Pay attention to those times when you, or someone around you, is very certain about something even though all evidence indicates that you, or someone around you, is wrong. In some cases, people may (or may not) acknowledge the truth when given the opportunity. In some cases, people are forced into situations where they intentionally prevaricate. Sometimes they are so adept in evasive language that it sounds like they are saying what you think they should be saying when, in reality, they aren’t acknowledging the truth at all.

The really twisted thing is that the scenario can play out in the same way even when you, or someone around you, is actually correct and you are being forced to recant your views because the people in the wrong are the people in power. This is exactly what happened to Galileo Galilee, today in 1633, when the Holy Office in Rome forced him to recant views that were (and are) widely accepted as the truth. When compare what happened then to some things that are happening now, we must remember Yoga Sūtra 2.20, which indicates that we only see what our brain shows us, and we have to carefully consider if we are centered and grounded in what is real or if we are centered and grounded in something specifically designed to deceive us.*

As I blogged today in 2020: “Every one of us has a center – physically, mentally, emotionally, spiritually, and energetically.
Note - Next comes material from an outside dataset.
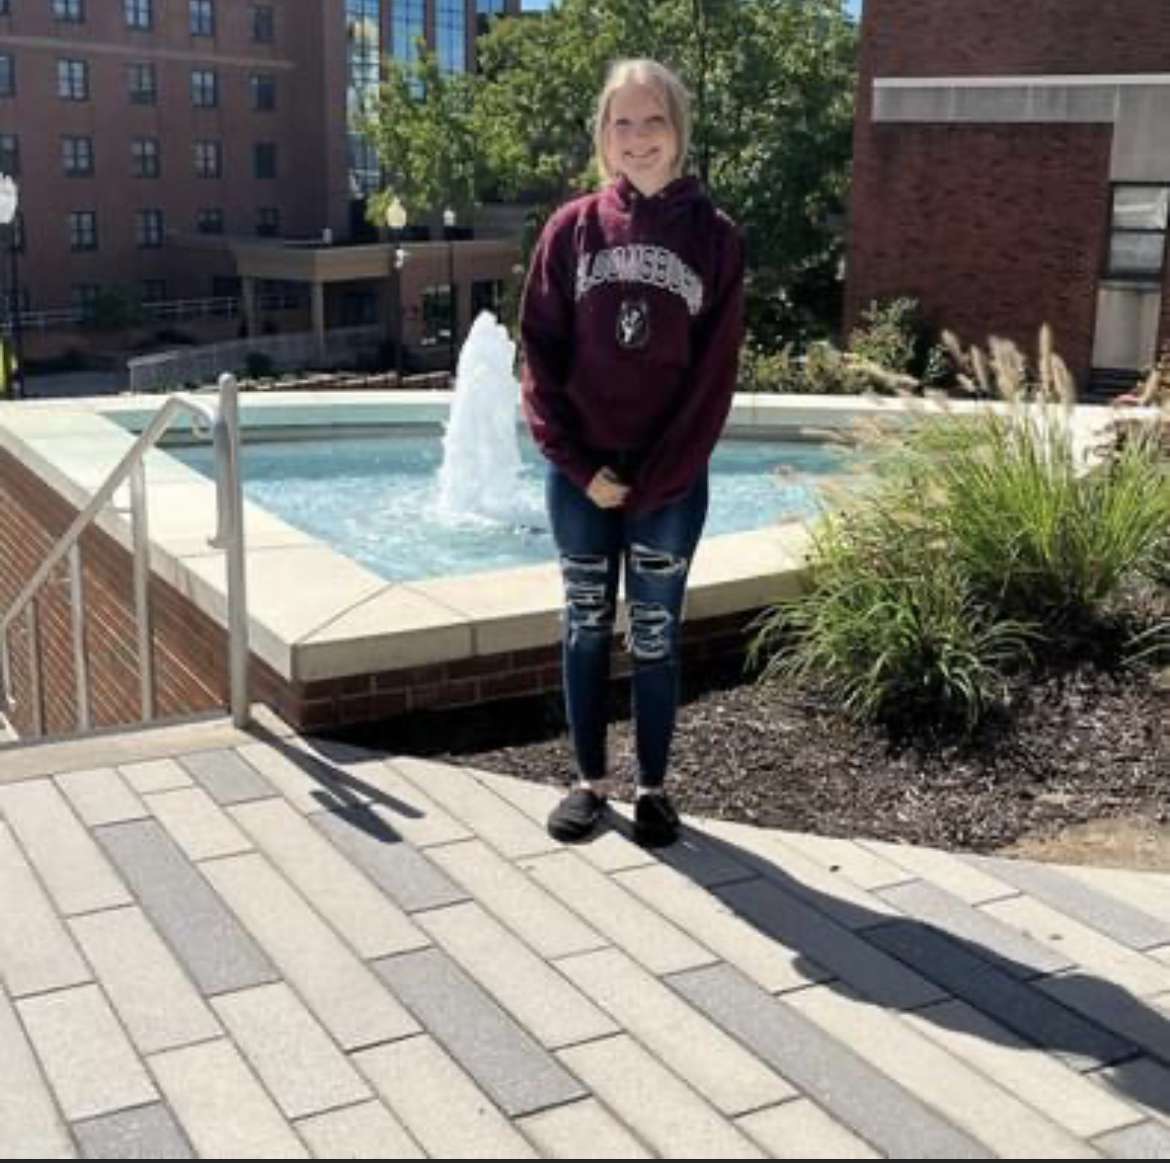 Alayna Philips tours Bloomsburg with her mother on a day off from school.

Every one of us believes something is solid and true – even if we what we believe in is the impermanence of all things. We view everything we experience through the lens of our belief. This, more often than not, causes us to cling tightly to our beliefs. We cling tightly even when there is something inside of us that quietly whispers, or loudly shouts, that that to which we cling is wrong. We hold on to what is familiar, even if it no longer serves us, but we also hold on to that thing that we believe centers and grounds us. Sometimes we cling so tightly that we are unable to see we are off-center and completely ungrounded. Because, what we miss in holding on is that we have essentially told our mind/intellect, ‘This is the part that’s important; don’t bother me with anything else.’”

Click here to read more of the 2020 post about Galileo Galilei and how he pushed the Church’s buttons.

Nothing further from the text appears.